# Made In Vietnam



## Chet (Dec 24, 2020)

I just bought some printer paper from Dollar General and took a better look at it today and saw that it was made in Vietnam. My HP printer I had found was also. In a way it leaves me speechless. I just have to ask, why, why, why and why and I'm not talking about free trade either? It's why the war and now this? (Shaking head)


----------



## squatting dog (Dec 24, 2020)

Chet said:


> I just bought some printer paper from Dollar General and took a better look at it today and saw that it was made in Vietnam. My HP printer I had found was also. In a way it leaves me speechless. I just have to ask, why, why, why and why and I'm not talking about free trade either? It's why the war and now this? (Shaking head)



$$$$$$$$$$$


----------



## Pepper (Dec 24, 2020)

Not really understanding what you mean, Chet, but I remember throughout the 1950's it was a big joke that many items were listed as 'Made in Japan.'

So, what do you mean?


----------



## Chet (Dec 24, 2020)

Over 50,000 Americans died just so Vietnam would not turn into a Commie state and now we trade with them as a Commie state. If it was so important then, why isn't it now. They died for nothing. As squatting dog so eloquently said, $$$$$$$$$$. Also, we trade with Vietnam as a Commie state but not Cuba as a Commie state. Figure that one out. Votes from Cuban exiles I'm sure. Stupid, stupid government. I don't know why I bother to vote.


----------



## Pepper (Dec 24, 2020)

Chet said:


> They died for nothing.


----------



## Irwin (Dec 24, 2020)

Vietnam is moving more towards capitalism, which is why you're seeing products from there. We lifted our embargo on Vietnam back in the '90s. We should do the same with Cuba. And look at all the goods we get from China, which has a communist government but some capitalism. When we fought in Vietnam, it was to prevent the spread of communism from China, and now China's our favorite trading partner. WTF?


----------



## fmdog44 (Dec 24, 2020)

Chet said:


> Over 50,000 Americans died just so Vietnam would not turn into a Commie state and now we trade with them as a Commie state. If it was so important then, why isn't it now. They died for nothing. As squatting dog so eloquently said, $$$$$$$$$$. Also, we trade with Vietnam as a Commie state but not Cuba as a Commie state. Figure that one out. Votes from Cuban exiles I'm sure. Stupid, stupid government. I don't know why I bother to vote.

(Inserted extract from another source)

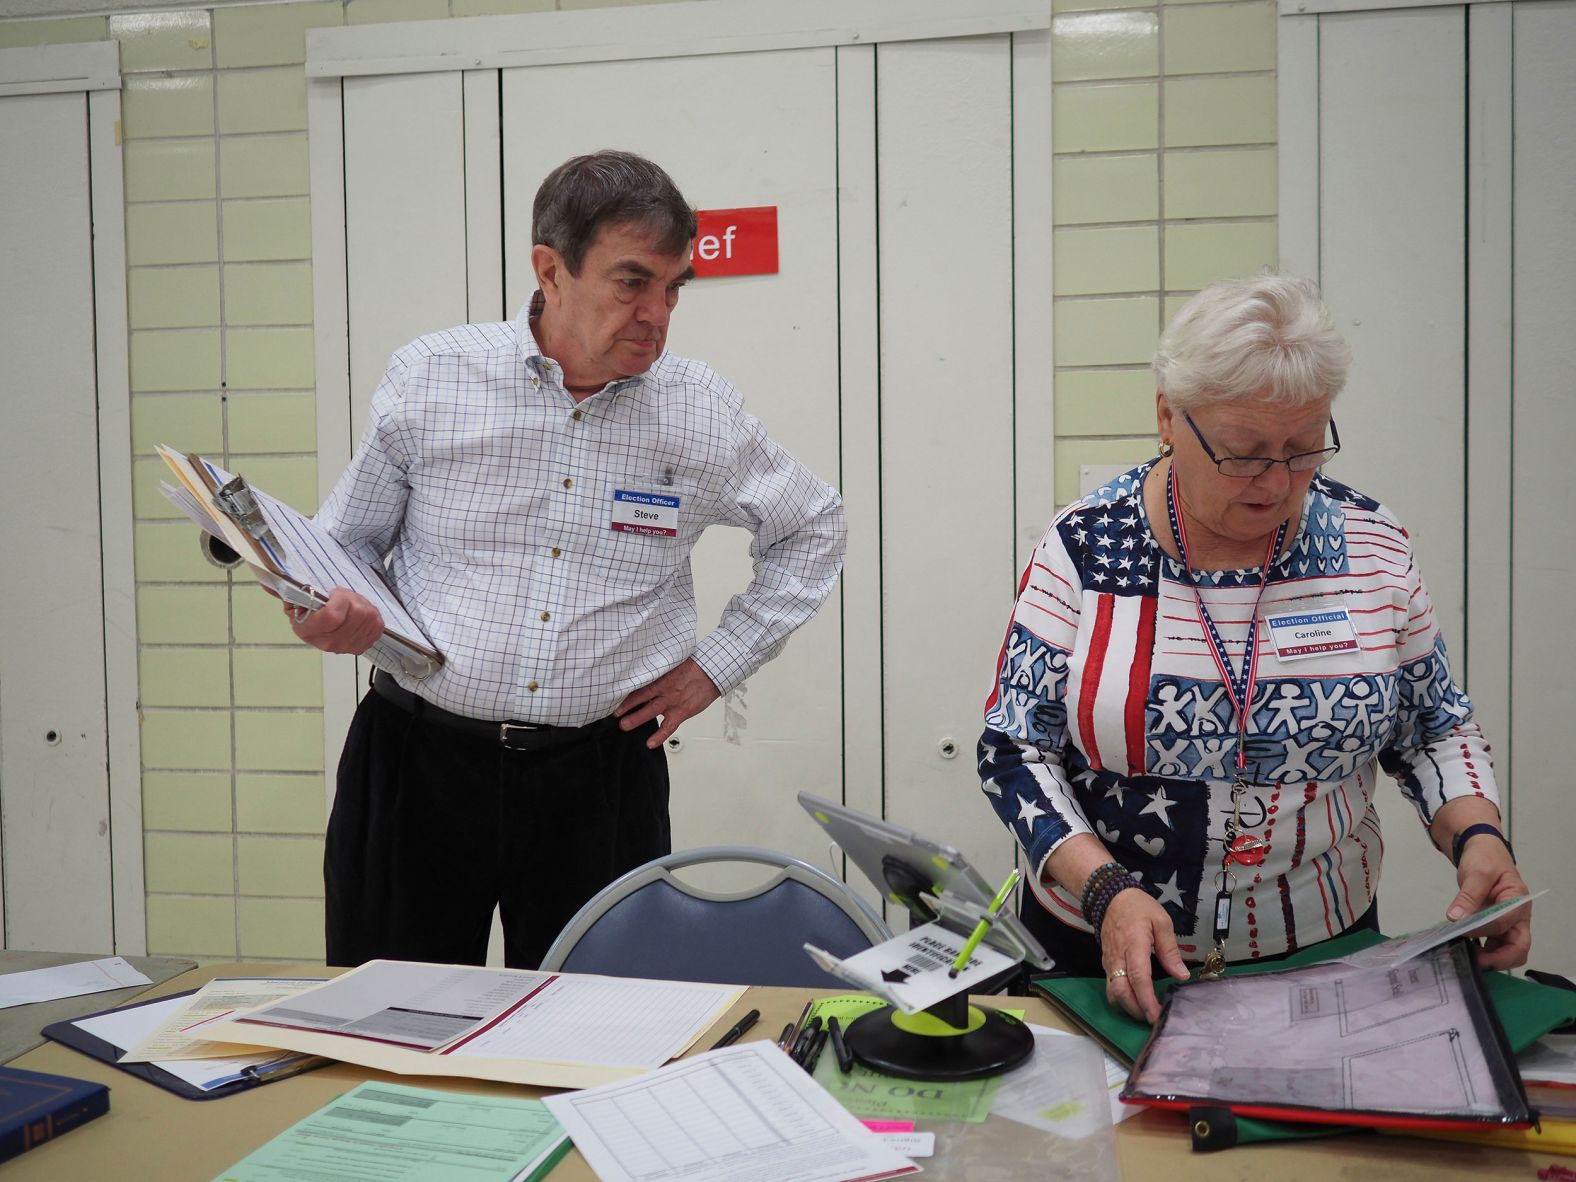 Election officials in Arlington, Virginia, prepare to open the polls on Tuesday.

Look at the bottom of everything in your home and you will see MADE IN CHINA. Since Viet Nam has no use for China I have no problem buying their stuff. I hate the China thing. They give the world the Covid and the world buys their crap and their fake crap with "Made in America" stamped on it.


----------



## fmdog44 (Dec 24, 2020)

Irwin said:


> Vietnam is moving more towards capitalism, which is why you're seeing products from there. We lifted our embargo on Vietnam back in the '90s. We should do the same with Cuba. And look at all the goods we get from China, which has a communist government but some capitalism. When we fought in Vietnam, it was to prevent the spread of communism from China, and now China's our favorite trading partner. WTF?


Capitalism has done more for communist countries than communism.


----------



## cdestroyer (Dec 28, 2020)

curiosity got me so I looked at my new lg rebel smartphone and found the made in tag inside said vietnam. I thought lg was a korean brand?


----------



## DaveA (Dec 28, 2020)

I'm amazed at how many on here blew right by Pepper's post regarding the enormous losses in WWII.  Germany and Japan are our allies and trading partners today and yet were responsible for far more deaths than the Vietnam Conflict. Further back in time?  Sure, but numbers don't change and they were far worse back then.

How easy we forget.


----------



## oldman (Dec 28, 2020)

When I was about 15, I remember my dad telling my mom that it was about time we bought a new car. My mom told my dad maybe he should check out the new Honda’s. My dad told mom that it would be a cold day in hell before he bought Japanese car.


----------



## Nathan (Dec 28, 2020)

Chet said:


> Over 50,000 Americans died just so Vietnam would not turn into a Commie state and now we trade with them as a Commie state. If it was so important then, why isn't it now. They died for nothing.



The Vietnam War is over.    The 53,000+ Americans that died did NOT die in vain, they went and did what their country asked them to.


----------



## oldman (Dec 28, 2020)

Nathan said:


> The Vietnam War is over.    The 53,000+ Americans that died did NOT die in vain, they went and did what their country asked them to.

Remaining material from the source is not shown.